When dry, I eased the edges of the cleats to make the track fit onto the cleats easier. Once the track was positioned, I drew a pair of lines on both ends of the base, at either side of the track, to visu­ally mark the outer edge of the track. This makes it easier to line up the track each time you put the track in place.

Using the jig

Although it’s not the end of the world, it’s best not to cut com­pletely through the base when trimming veneer to width. No matter how many pieces of veneer you’re cutting, adjust the depth of cut to only cut about 1/8″ into the base.

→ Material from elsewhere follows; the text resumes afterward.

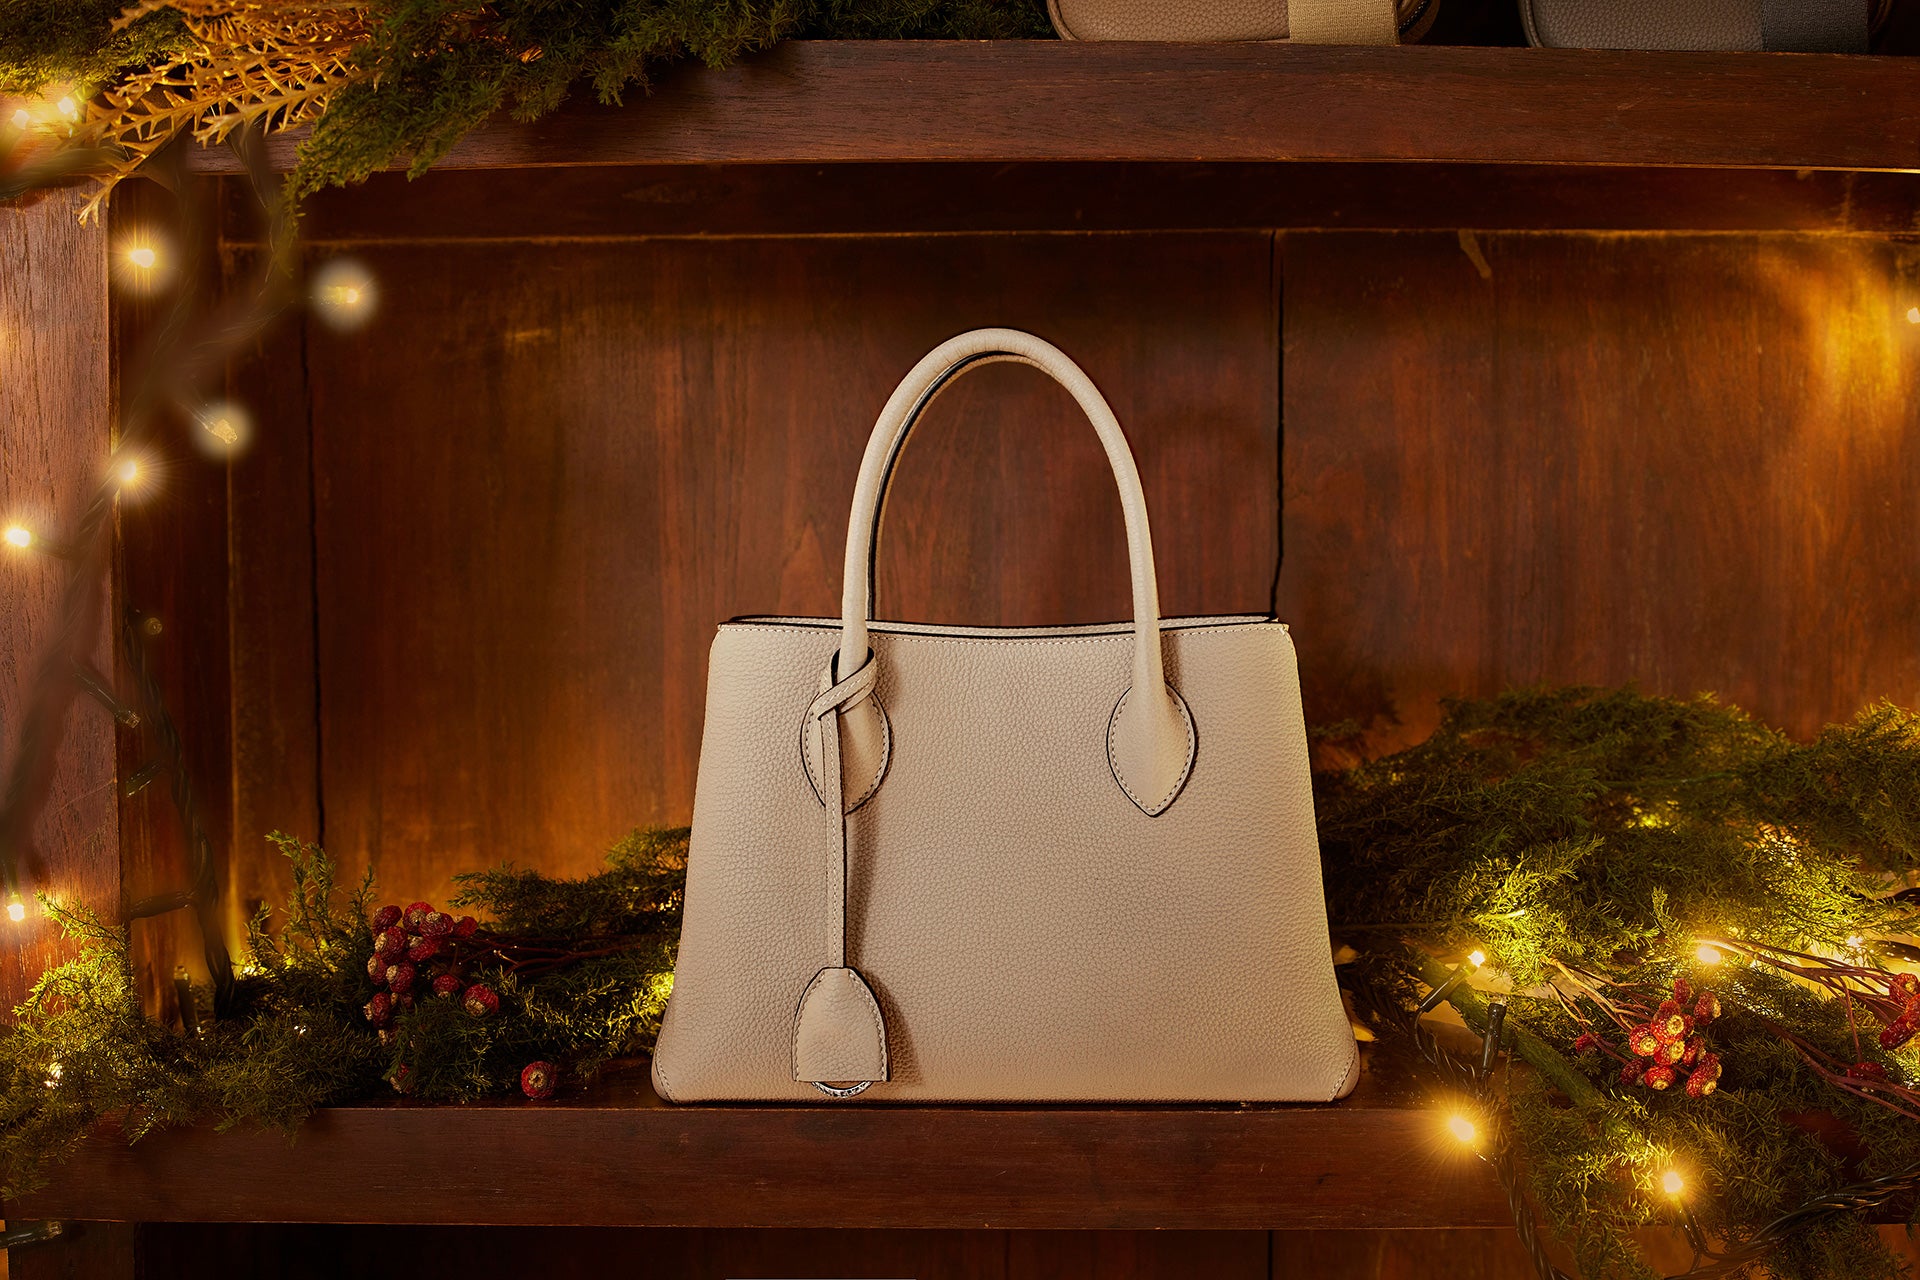 Elegant BONAVENTURA-håndtaske på et festligt pyntet julebord.

Veneer is generally sold with uneven edges that need to be trimmed straight so they can be matched and joined together if you need wider sheets of veneer. I cut the pieces of veneer to rough length so they’re easier to handle. With the track off to the side, I place one or more pieces of veneer on the base, align the edge to be cut with the kerf cut into the base, add the track on top of the veneer, and place the saw on the track. The weight of the saw is likely enough to apply enough downward pressure to the track to reduce chipping of the veneer during the cut. If you find the veneer is chipping, some downward pressure might be the answer.

Slowly but surely

Veneer is somewhat fragile, and will chip heavily if your blade isn’t sharp enough or if you make the cut too quickly. I move the saw very slowly and watch the cutting area very closely to see if there’s chipping. Positioning the veneer so the grain runs away from the portion of veneer you want to keep, rather than into the work­piece, will also help reduce chipping. If you follow these basics you’ll be surprised how even and clean the edge of the freshly cut piece of veneer is.

If you want to use the offcut to join with other pieces of veneer, and need to have it finished as cleanly as possible, I find it very use­ful to place the veneer on the base (as usual), then lay a piece of 1/8″ or 1/4″ thick material on top of the veneer before placing the track on top of the stack of veneers. As long as the 1/8″ or 1/4″ material overlaps the cut by an inch or so, it will apply downward pressure on the offcut section of veneer, and will go a long way to reduce chipping.

It’s also possible to cut across the grain of the veneer at 90°, or even another angle you need to create the veneer match you’re after. I’ve added a few pencil lines on my base to assist with quickly making a 90° cut. Working with veneer gives you the option to cre­ate a lot of strong visual patterns, so let your imagination run wild, and use this jig to trim veneer at any angle you’d like.

Tape it together

Once the veneer is trimmed straight, it can be joined together with thin veneer tape. I use pieces of tape about 2″ long, staggered every few inches at a right angle to the veneer joint, then come back and apply pieces of tape along the joint, ensuring the entire edge of the veneer is taped. Once joined, I apply the veneer to a substrate, and machine it like any standard sheet good. A vacuum press is a great tool for serious veneer craftspeople, but even flat platens, cauls and clamps go a long way to pressing veneered panels.

Hopefully, this can help fill in one of the blanks regarding work­ing with veneer. I think of veneer as just another type of material I can use to create strong, beautiful and lasting pieces of furniture, and reach for this simple jig whenever I want to make veneered panels.